Iran hires more long-range assault UAVs, set to teach ‘drone hunting’ in schools
Iran’s aircraft sector claims giant advancements in designing and manufacturing drones, including those with assault capabilities. It comes as Iran’s aerospace industry eyes raising security levels early on – by bringing alien drone hunting into schools.
Lieutenant commander of the Iranian Navy, Rear Admiral Gholam Reza Khadem Biqam, has revealed that dozens of new surveillance and assault UAVs have been delivered to the country’s Navy.
“At present, the Navy is in possession of drones in proper sizes and with good range that are used for our intelligence domination in the region,” Khadem Biqam told Iran’s Fars News Agency (FNA) on Tuesday.
Commander of Khatam ol-Anbia Air Defense Base, Brigadier General Farzad Esmayeeli, acknowledged in June that Iran’s most common homemade UAV is the long-range Sarir (Throne) drone which is capable of carrying high-precision cameras and air-to-air missiles.
“These missiles enable Sarir to confront and combat multiple targets, including invading UAVs,” he said.

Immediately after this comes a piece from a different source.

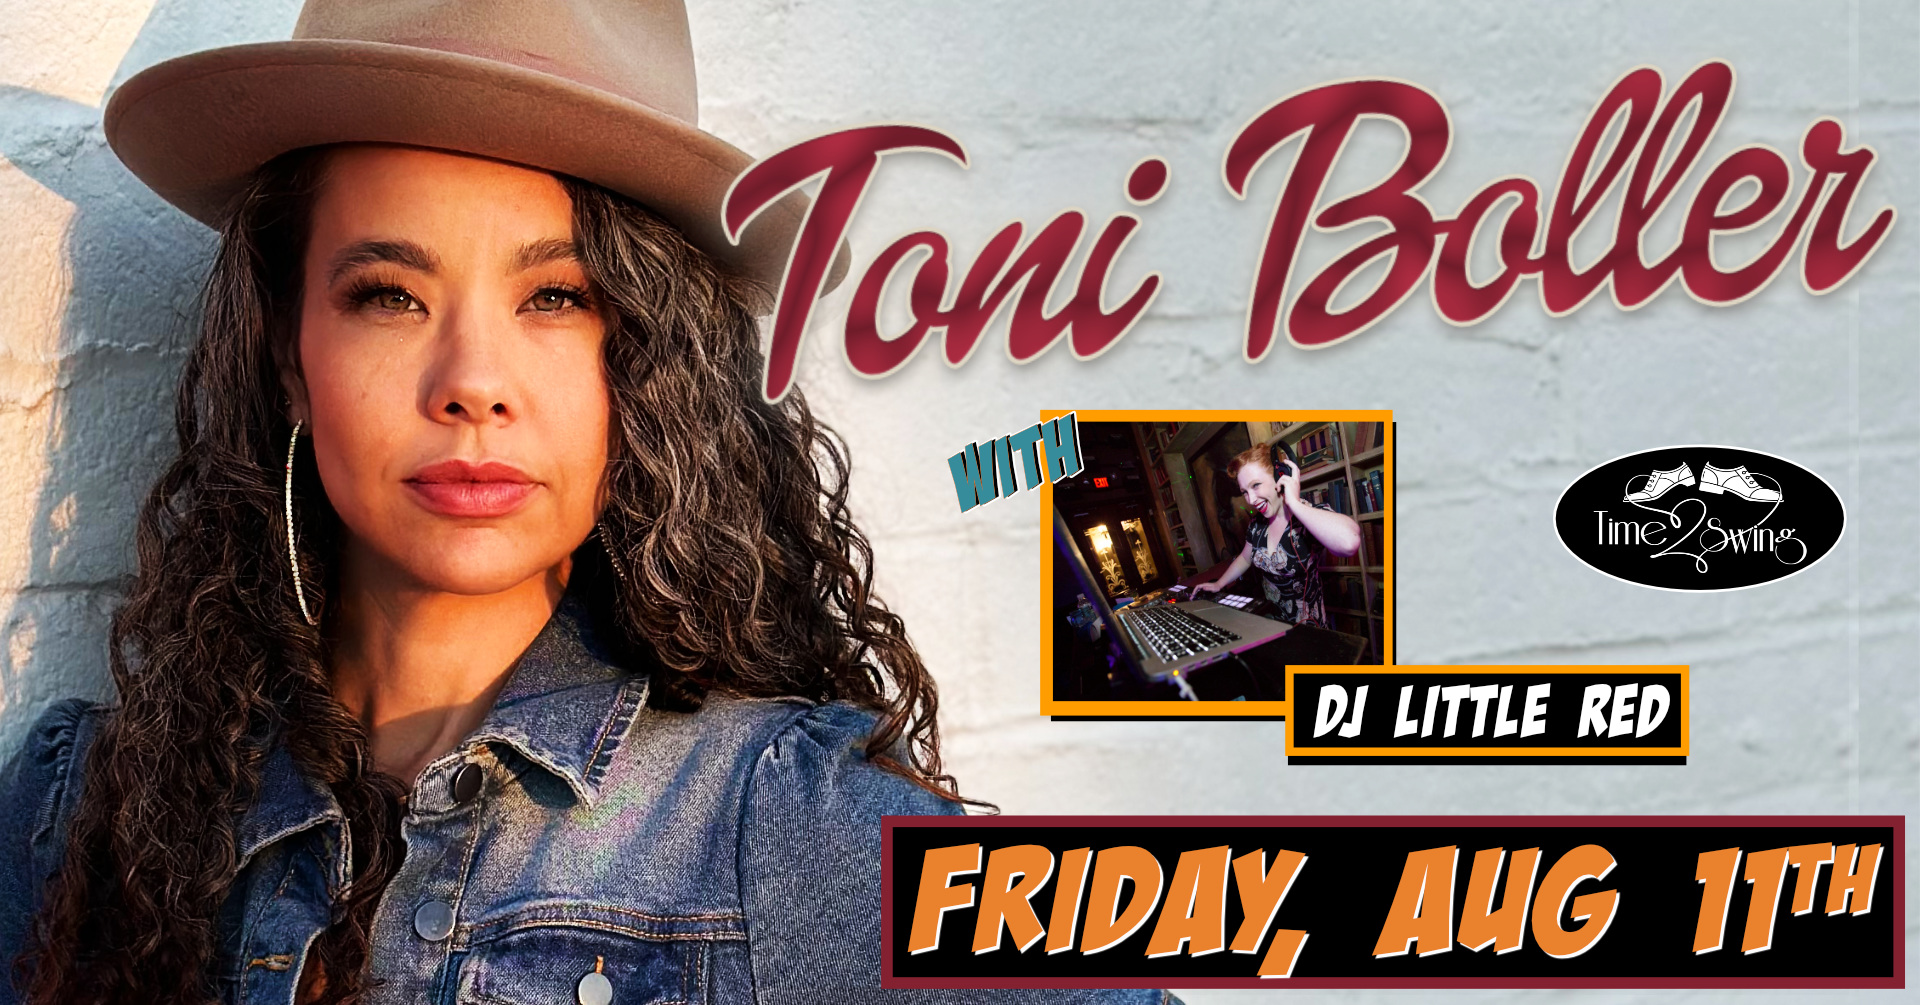 TONI BOLLER returns to The Moose with DJ LITTLE RED!

Esmayeeli also announced to troops the arrival of a more advanced drone, Haazem, set to be introduced on Air Defense Day in September. Haazem will reportedly be produced in short-, mid- and long-range versions – specializing in reconnaissance, air defense, ground assault, or serving as training targets for national air defenses.

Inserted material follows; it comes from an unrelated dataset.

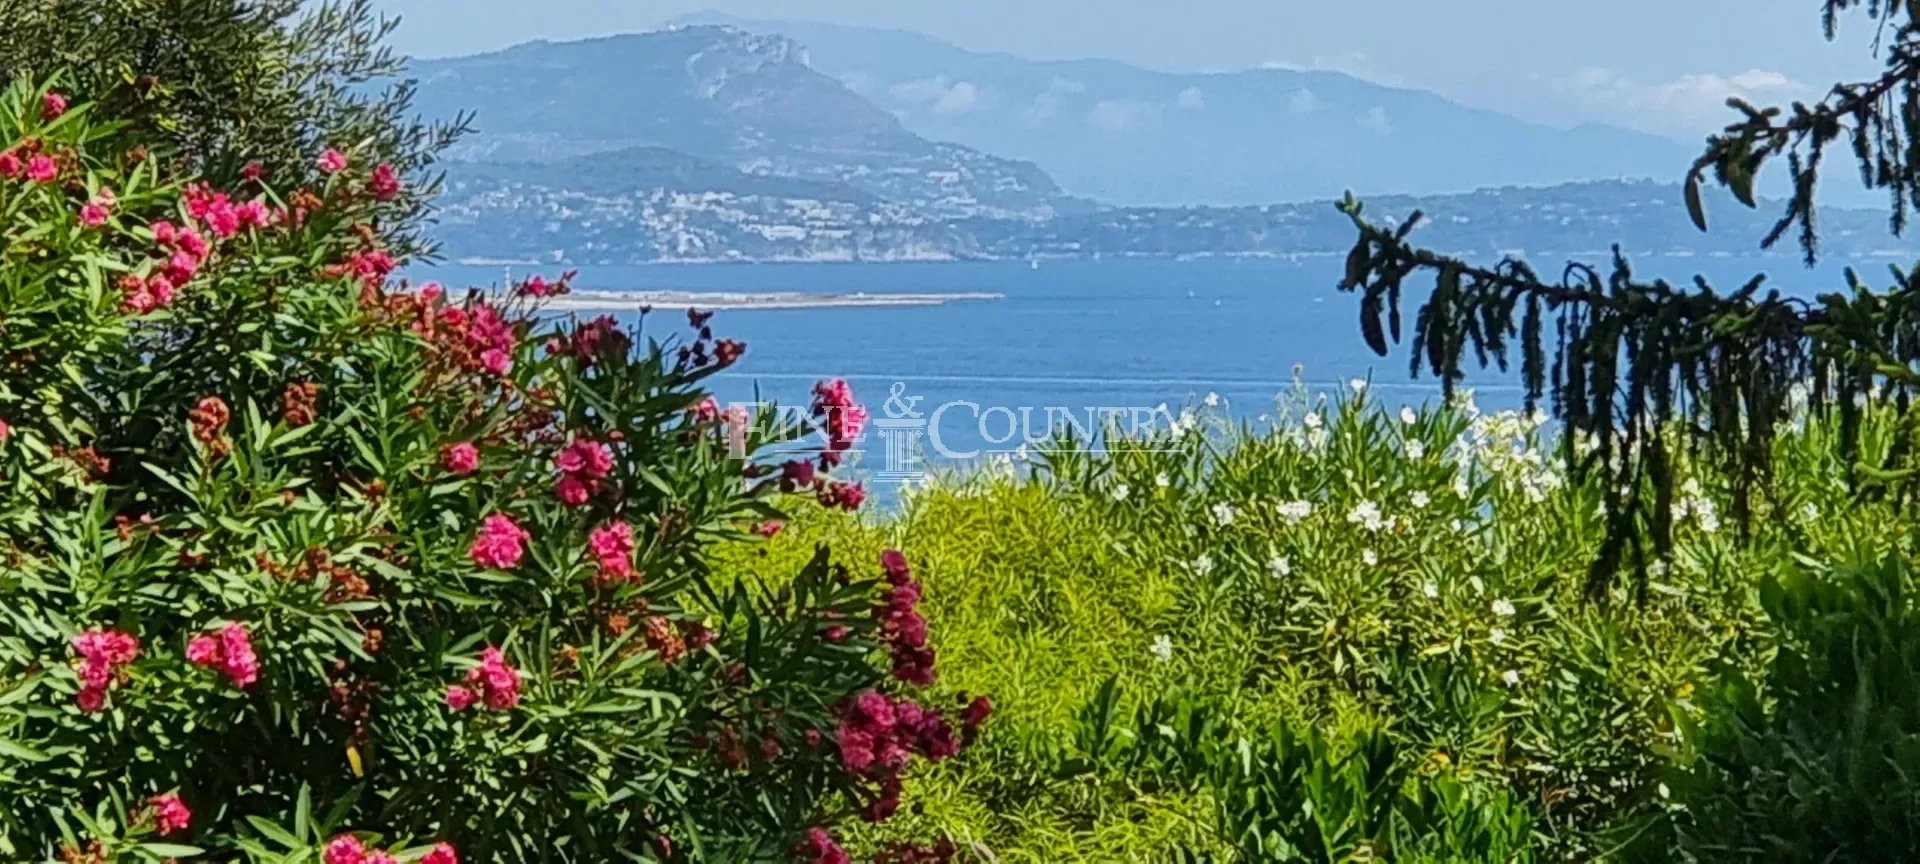 Bastide For Sale in Antibes

Last week, Brigadier General Farzad Esmayeeli said that Iran’s airspace is rarely violated these days due to constant preparedness of frontier guards.
“Perhaps some time ago there were some drones which sought to enter the country and they were hunted down or a number of drones came close to the country’s borders and then receded, but at present they are not seen and the enemy is afraid of sending drones to Iran,” Esmayeeli declared in the north-eastern city of Mashhad on Saturday. “Such flights have severely decreased, but we are still vigilant,” he added.

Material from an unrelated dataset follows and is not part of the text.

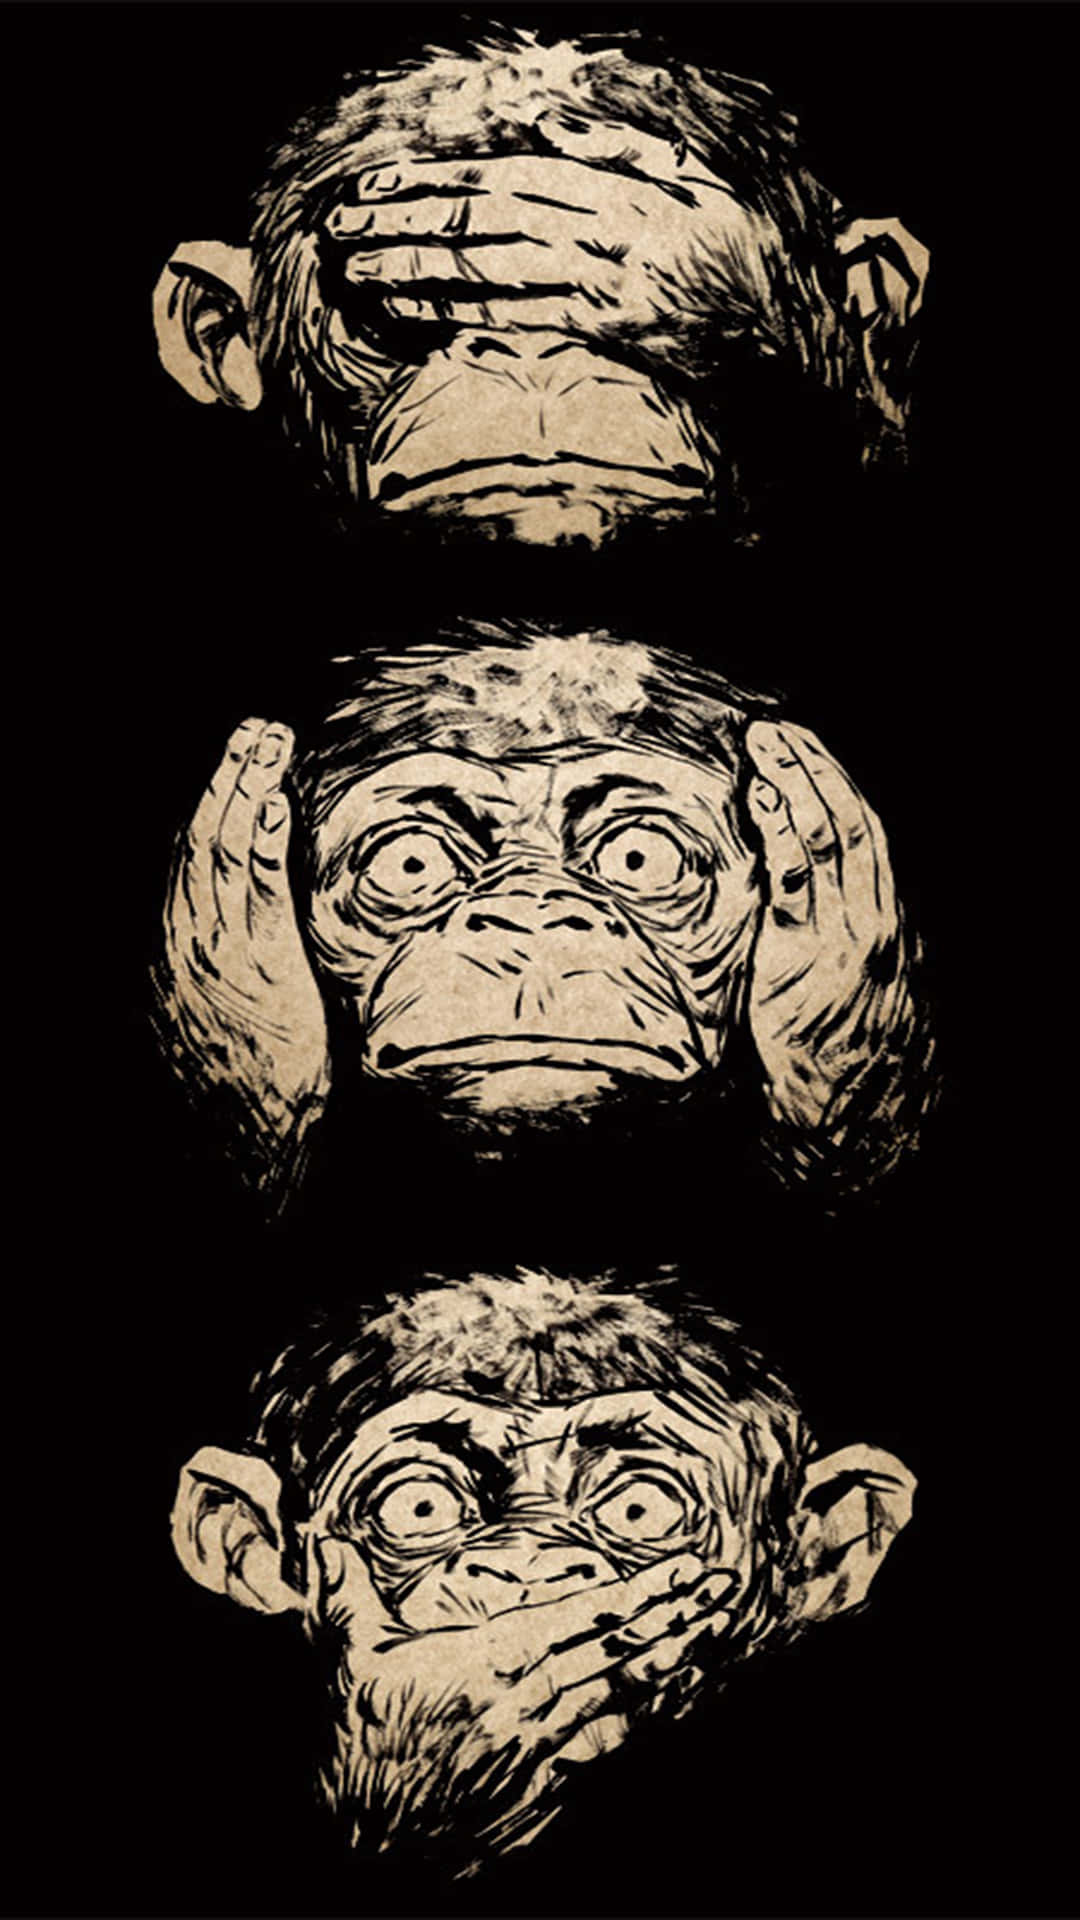 Monkey with an iPhone Wallpaper

The Islamic Revolution Guards Corps (IRGC) electronic warfare divisions can sufficiently override an alien drone guidance system by capturing it and forcing a landing on Iranian territory – which Tehran says has already happened. In December 2011, Iran’s air defense forces captured intact America’s top-secret RQ-170 Sentinel drone. A year later, in December 2012, the IRGC Navy hunted down the American ScanEagle drone, which is “usually launched from large warships.”
Drone hunting might soon become a special course of study in Iranian schools.
“This year, we will witness changes in the contents, teachers and teaching hours of the defensive preparedness lesson,” remarked deputy commander of Iran’s Basij Forces, General Ali Fazli, as quoted by FNA. The Basij Forces are a paramilitary group of young volunteers.
FNA noted that drone-hunting would become part of a larger “defensive preparedness curriculum” to be taught in both junior and senior schools, for two and three hours every week respectively.
It is expected that schoolchildren would be taught the hacking of drone controls rather than how to shoot them down with conventional weapons.